In one such situation, Pirojsha Godrej, chairman, Godrej Capital, successfully identified the scope of the real estate business. He started the financial services business with home loan services to buyers of Godrej Properties Ltd.‘s apartments in select geographies in 2020. “Having seen strong customer acceptance of our offering, we are very optimistic about prospects of our financial services venture and will be entering new markets,” he said that time.

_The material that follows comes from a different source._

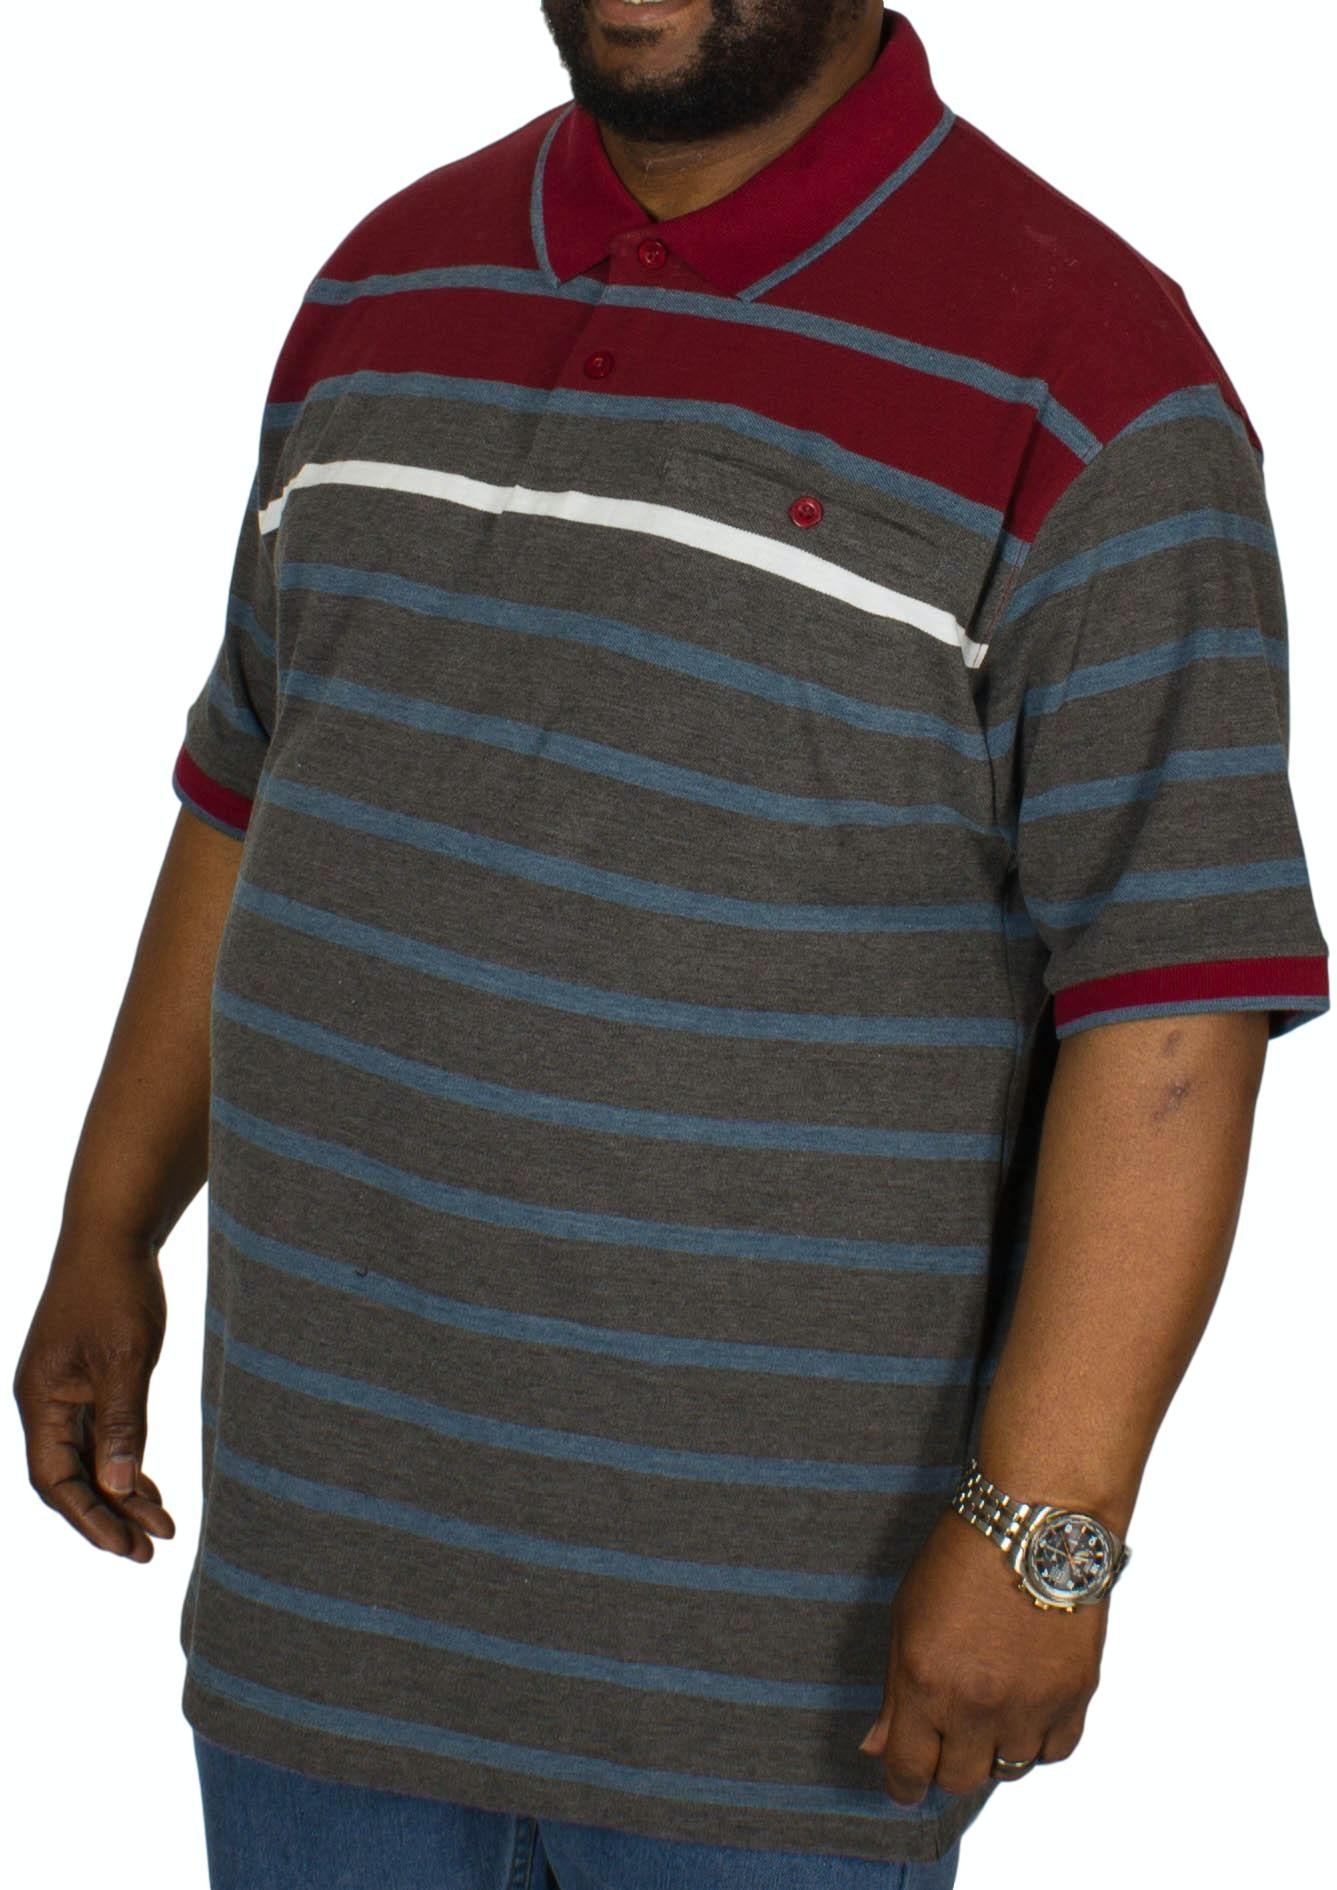 KAM Stripe Polo Shirt Burgundy

Finding right opportunities is fine. But in some situations, many conglomerates land up in the same business and compete with each other. For instance, Tata, Ambani and Adani will face-off in the renewable energy space. Mahindra is also enhancing its solar panels business. Adani is stepping into hydrocarbon and petrochemicals, a forte of RIL. It has formed a JV with Welspun for oil exploration and production. While Jio-BP ramps up the fuel station business, Adani is becoming aggressive in CNG stations. Birla and JSW will fight it out in the paint sector along with Asian Paints. Many of them are looking to become India’s ‘Tesla’ and spending heavily in electric cars business. The rampant diversification of conglomerates can also escalate as the big-money race.